Подошло Рождество. «Последние новости», как всегда, печатали объявления русских ресторанов, приглашавших на встречу Нового, 1940 года. Всем было ясно, что ничего хорошего этот год не сулит. В последний день 1939 года «Последние новости» опубликовали протест русской эмигрантской интеллигенции против безаконного вторжения сталинской армии в Финляндию. На сей раз под документом была и подпись В. Сирина-Набокова. Снова, в который уж раз, свободомыслящие интеллигенты России подчеркивали, что они не путают сталинский режим с Россией, русским народом.
«Позор, которым снова покрывает себя сталинское правительство, — говорилось в обращении, — напрасно переносится на порабощенный им русский народ, не несущий ответственности за его действия. Преступлениям, совершаемым ныне в Финляндии, предшествовали такие же и еще худшие преступления, совершаемые теми же людьми в самой России.
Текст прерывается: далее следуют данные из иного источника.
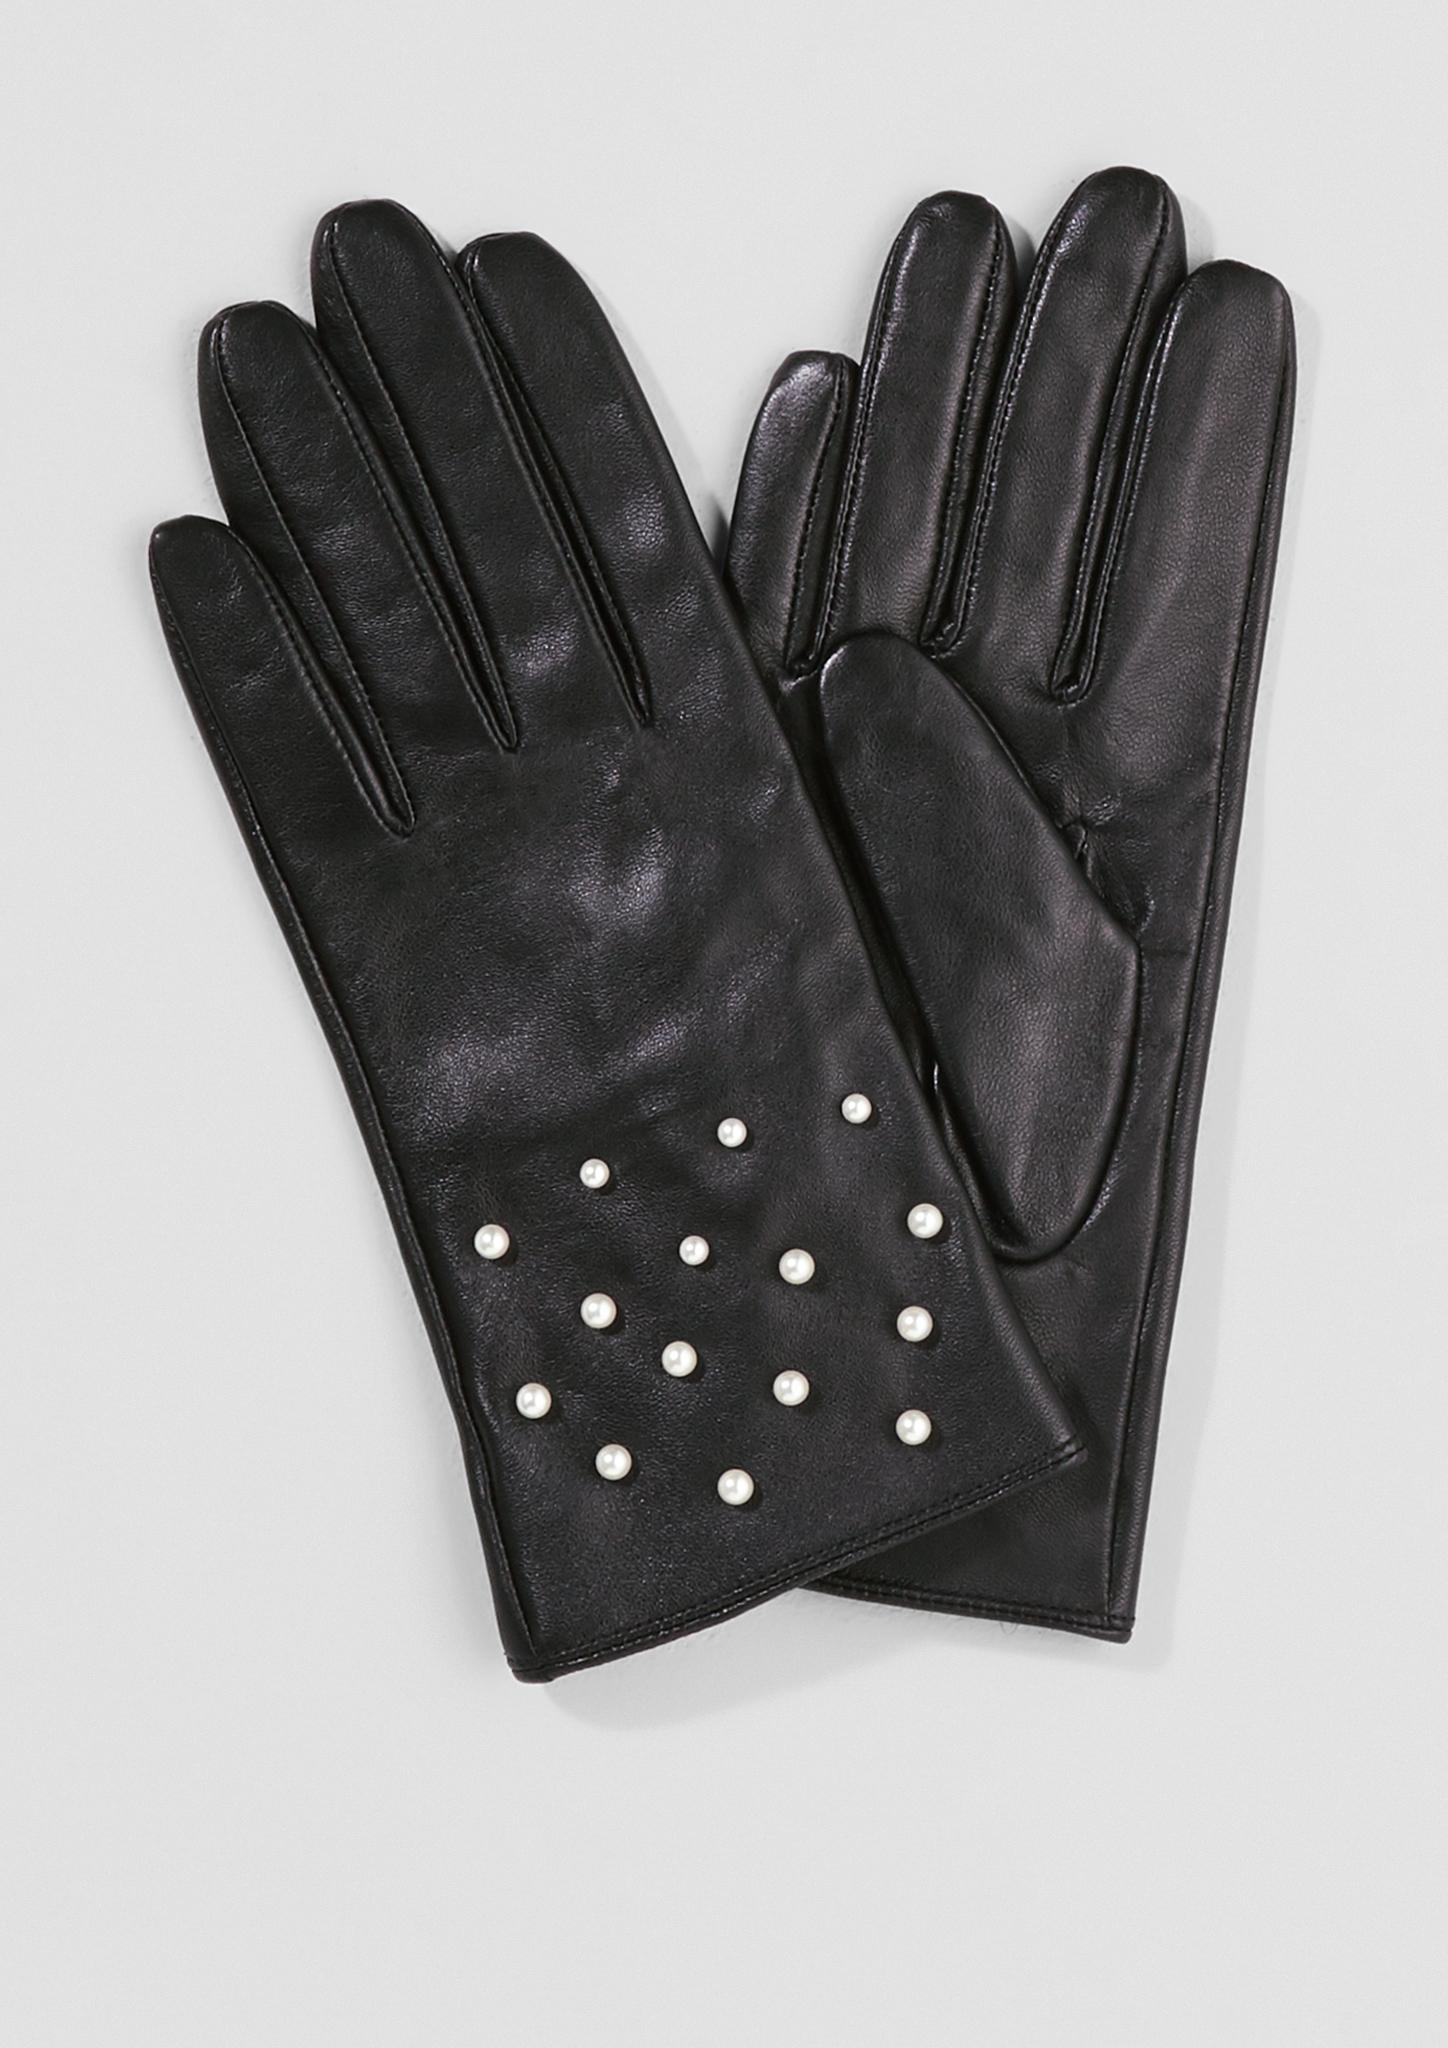 Lederhandschuhe | Accessoires > Handschuhe > Lederhandschuhe | Grau/schwarz | Obermaterial 100% leder| futter 100% polyester | s.Oliver BLACK LABEL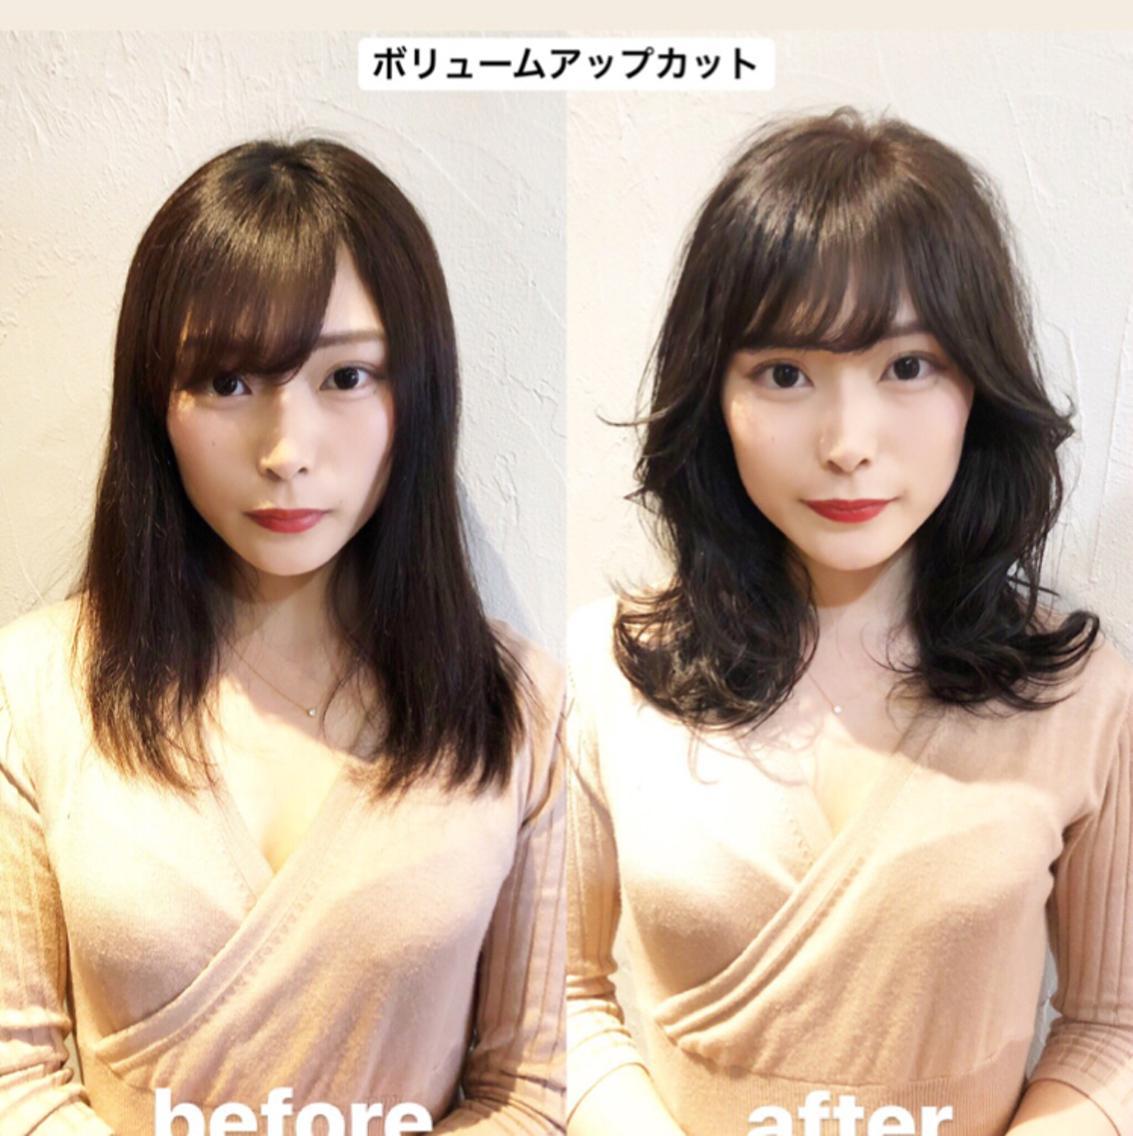 髪質改善メニューをミニモでも解禁します⭐️これは本当にすごいです。髪質改善カラーで髪の広がりにさよならしましょう❤️髪に艶があると心も潤う❤️

Мы утверждаем, что ни малейшей враждебности к финскому народу и его правительству, ныне геройски защищающим свою землю, у русских людей никогда не было и быть не может… сталинское правительство, не имеющее никакого права говорить от имени русского народа, проливает с благословения Гитлера русскую и финскую кровь… за его преступления, быть может, придется расплачиваться русскому народу.
Мы утверждаем, что Россия, освободившаяся от коммунистической диктатуры, легко договорится с Финляндией, не нарушив своих интересов и проявив полное уважение к правам и интересам этой страны, которой мы выражаем глубокое сочувствие».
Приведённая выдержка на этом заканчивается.